DATA PROVIDED »
------------------------------------------------------------
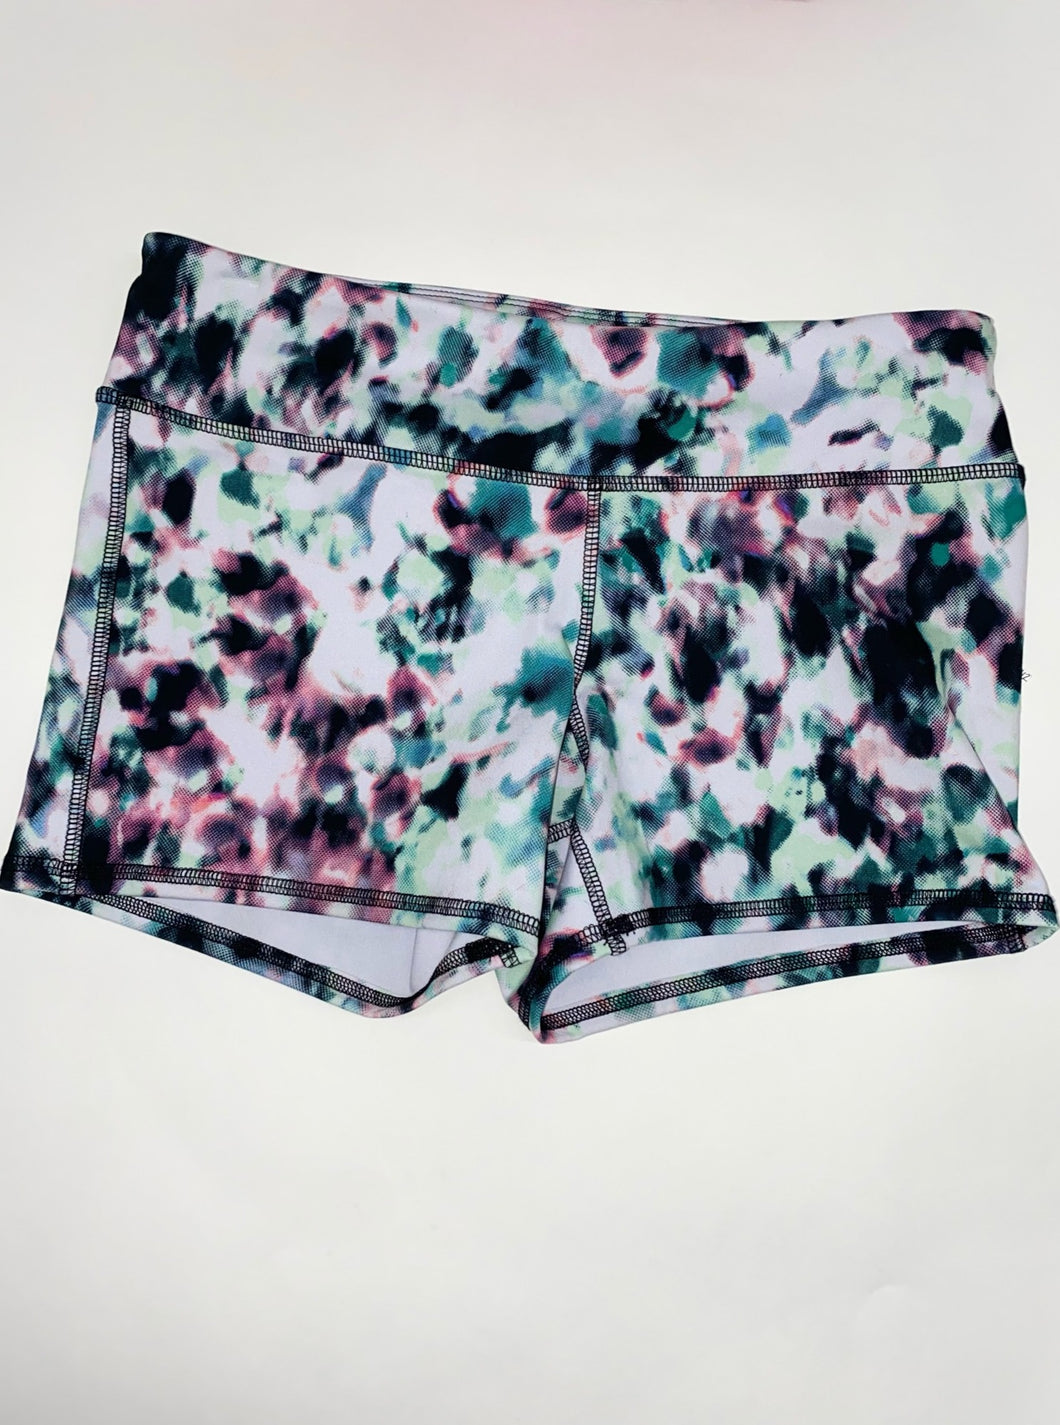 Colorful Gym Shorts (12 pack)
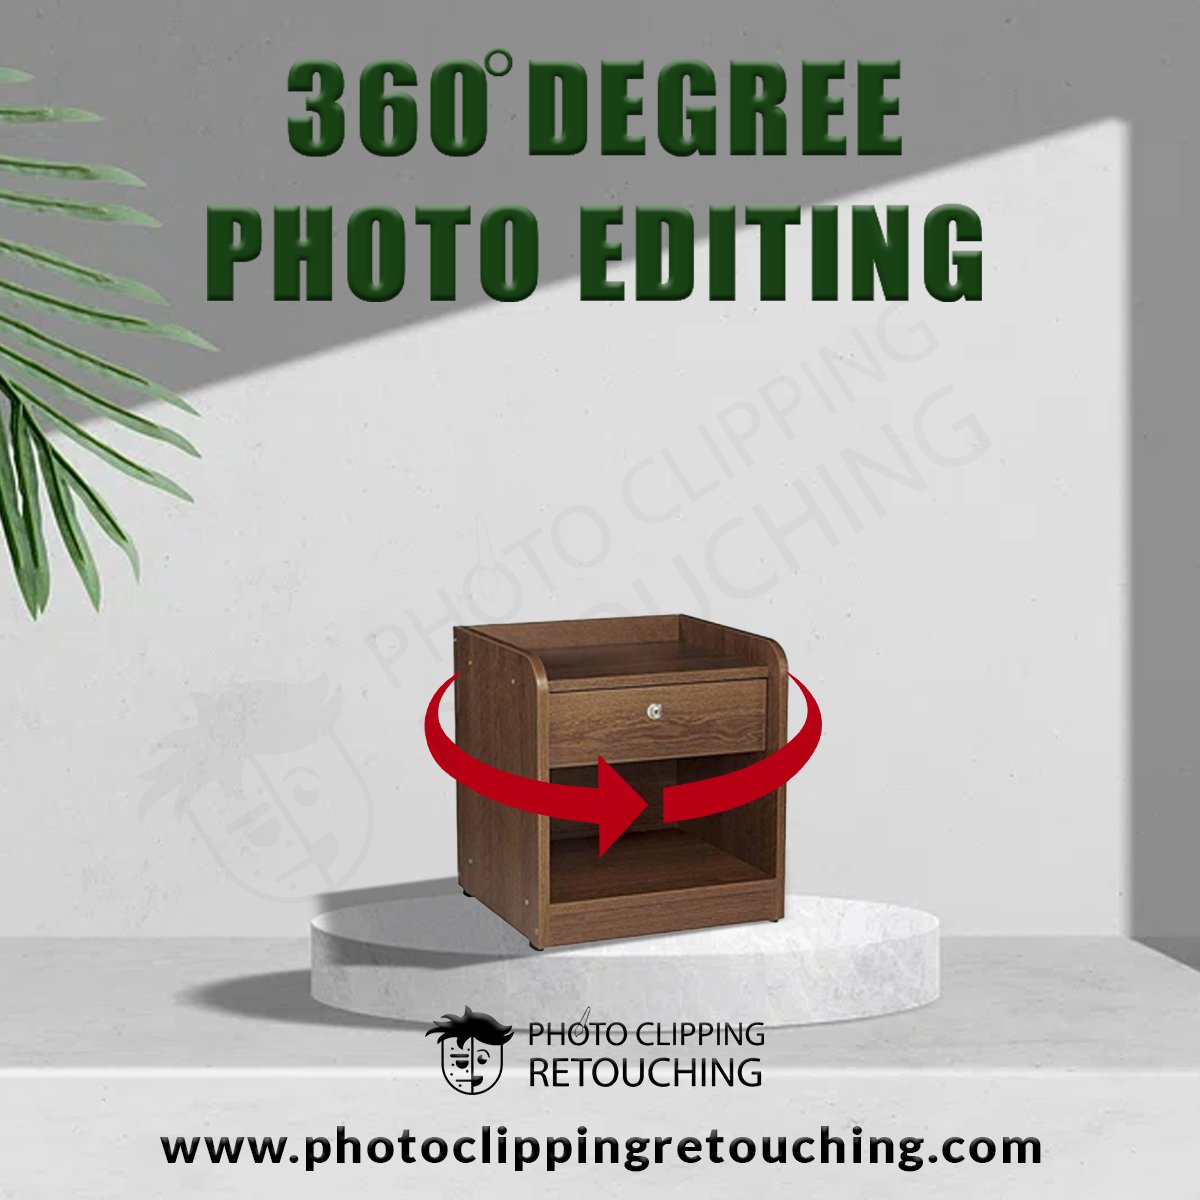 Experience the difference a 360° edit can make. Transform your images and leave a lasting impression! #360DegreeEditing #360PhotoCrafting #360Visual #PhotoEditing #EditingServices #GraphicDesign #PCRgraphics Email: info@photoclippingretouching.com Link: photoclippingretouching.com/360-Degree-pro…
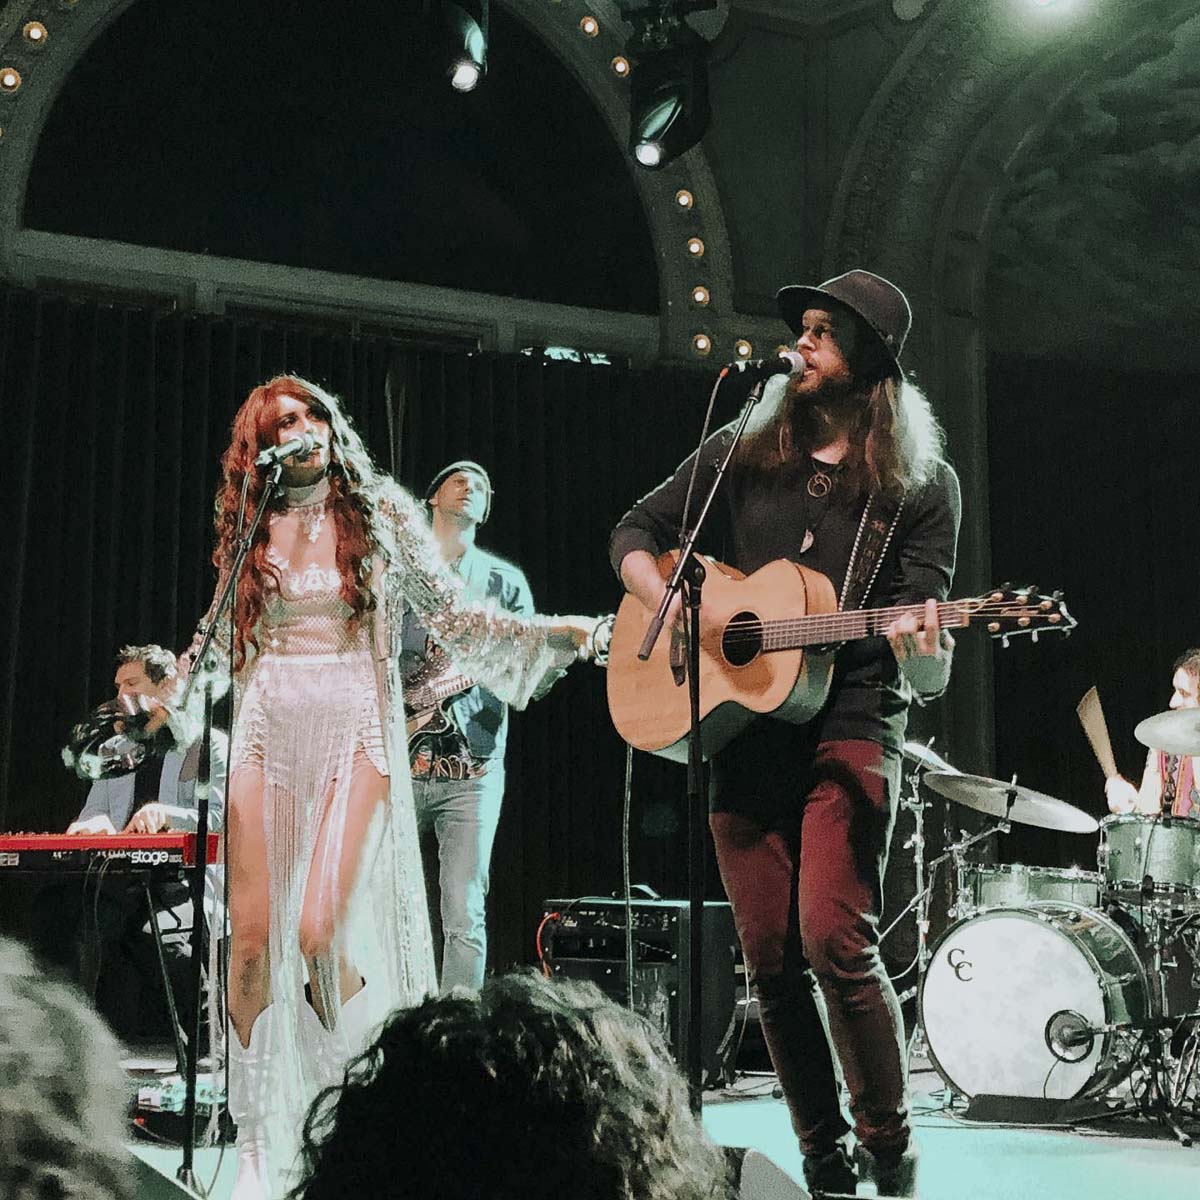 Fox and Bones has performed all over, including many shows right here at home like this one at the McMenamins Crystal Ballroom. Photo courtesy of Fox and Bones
------------------------------------------------------------
DIRECTIONS FOR THIS TASK » Print the listing exactly, pictures excluded.

FINISHED TASK »
 Colorful Gym Shorts (12 pack)
 Experience the difference a 360° edit can make. Transform your images and leave a lasting impression! #360DegreeEditing #360PhotoCrafting #360Visual #PhotoEditing #EditingServices #GraphicDesign #PCRgraphics Email: info@photoclippingretouching.com Link: photoclippingretouching.com/360-Degree-pro…
 Fox and Bones has performed all over, including many shows right here at home like this one at the McMenamins Crystal Ballroom. Photo courtesy of Fox and Bones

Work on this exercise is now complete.